In the Wilderness - Kim Barnes [82]
I don’t remember how I found my way from that room. It’s as though a shade were drawn, leaving only the silhouettes of bodies and their coarse movement visible in my memory: no detail, no emotion, no faces or fingers, just the dense and undefinable figures of people going on with their lives, and I somewhere among them.
I do know that I was shunned. Even though I continued to attend church, I sat alone in the long pew. I ate in silence, my throat constricting so that the food swelled in my mouth and I spat it into my napkin, afraid that if they saw my plate still full they might find more proof of my evil: demons feed not on flesh but on the spirit. Sleep became my only comfort. By some mercy I did not dream and welcomed the impenetrable darkness, feeling the water close over my head as though I were tied to a stone. And it is this I remember most: the sense of being anchored yet drifting languorously, like one drowned and made to love her own death.
The remaining days of the summer between my eighth-and ninth-grade years come to me in memory like smoke from a distant fire. Someone must have told me what day my parents would arrive to pick me up, and I awoke that morning, made my bed, packed my few belongings in a bag, then sat before my window and waited until Sister Lang called me downstairs.
I moved with my eyes down. I didn’t think, didn’t remember. What was in front of me commanded my full attention: dicing onions, grating cheese. Only when the car pulled into the driveway did I look up.
I greeted my parents kindly, as though they were old friends instead of blood kin. The dinner was served outside—a casserole and salad, a plain hamburger patty for my father—laid out on a cheerful, red-checked tablecloth. I ate and nodded in quiet agreement: Yes, the weather was good, the church was growing. No comment was directed toward me, no questions were asked. I had only to remain upright and silent not to shatter.
What my parents saw before them was a girl, modest and willing to acquiesce, a girl who bowed her head and said grace when asked. Were they stunned into the same state of unreality in which I found myself? Could this girl really be their daughter, the angry and spiteful child they hadn’t seen for months? Changes so dramatic and seemingly sudden can hardly be reconciled except in retrospect, and all that is left to ground us are the expected and familiar motions of the present: the salt must be passed, the ice cream served, the coffee perked.
After the dishes were washed, I gathered my things and climbed into the backseat. We pulled away from the church, my family and I. The Langs were waving, and in the sharp light of August, I could see Luke’s face, in his eyes nothing I recognized as regret or desire.
My brother was asleep almost immediately. His head rolled and nodded against the window until I pulled him gently down and pillowed his head in my lap. I had not seen the fields since late spring, and their golden color infused with the pink glow of twilight soothed me.
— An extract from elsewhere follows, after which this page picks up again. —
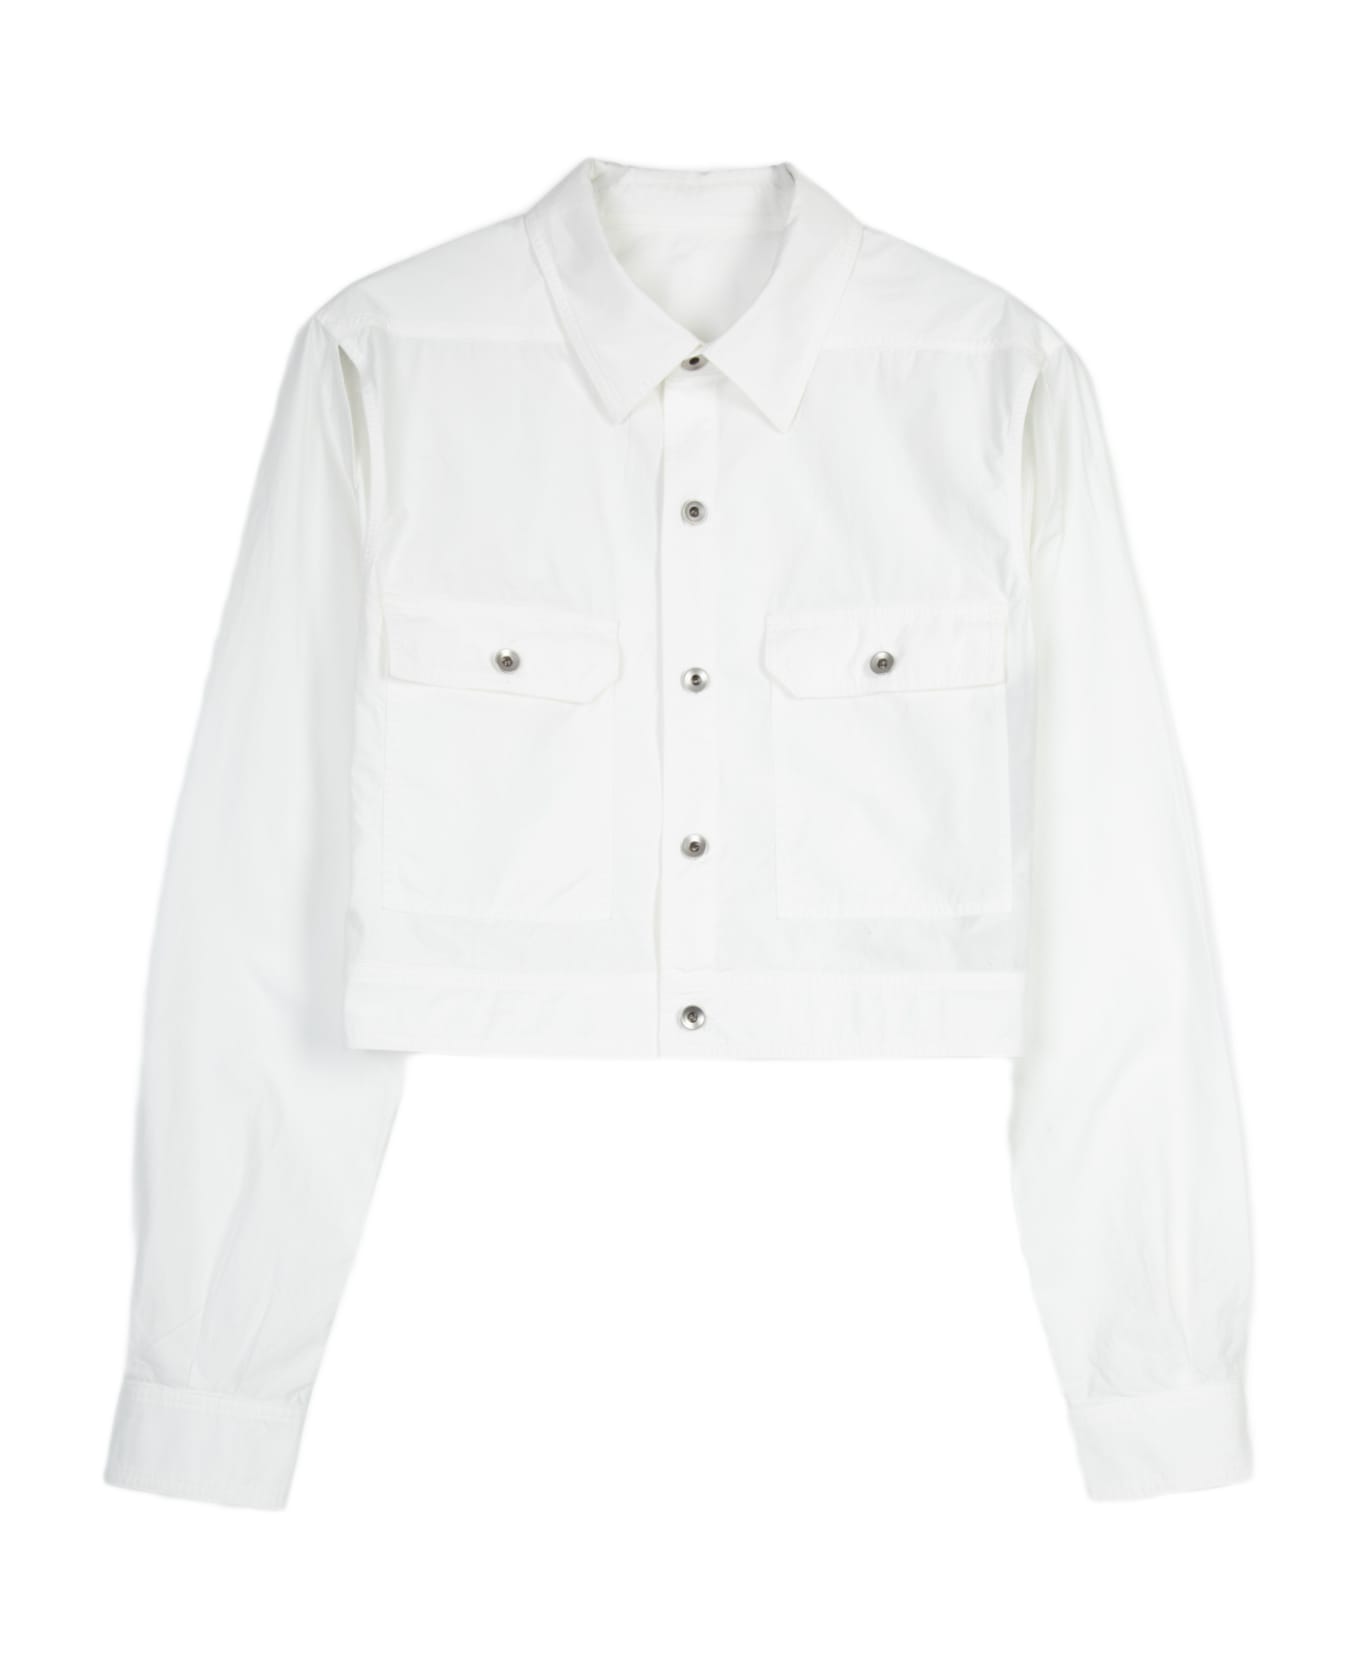 DRKSHDW Cape Sleeve Cropped Outershirt White Poplin Cotton Outershirt - Cape Sleeve Cropped Outershirt - White

Nothing was spoken as the car glided silently across the prairie, its shadow growing and shrinking, absurdly deformed, finally swallowed by the earth’s umbra. It was then that I felt it well up, the panic and overwhelming pain, and I began without reason to tell it, from the end back to its beginning, as though in the unraveling I might find the cause, the one offending stitch.
The road passed evenly beneath us. Nothing broke the rhythm of my story, no one questioned or interrupted. When it was done, I leaned back exhausted, not caring what they understood or what they doubted. I had spoken it, had brought it into the world, had made it real. In the rearview mirror I saw the small ruby glow of my father’s cigarette, brighter as he inhaled, then fading. Nearly dreaming, I heard the only words he would ever speak of that summer. He said, “I was afraid something like this might happen.” In his words I found comfort and I slept.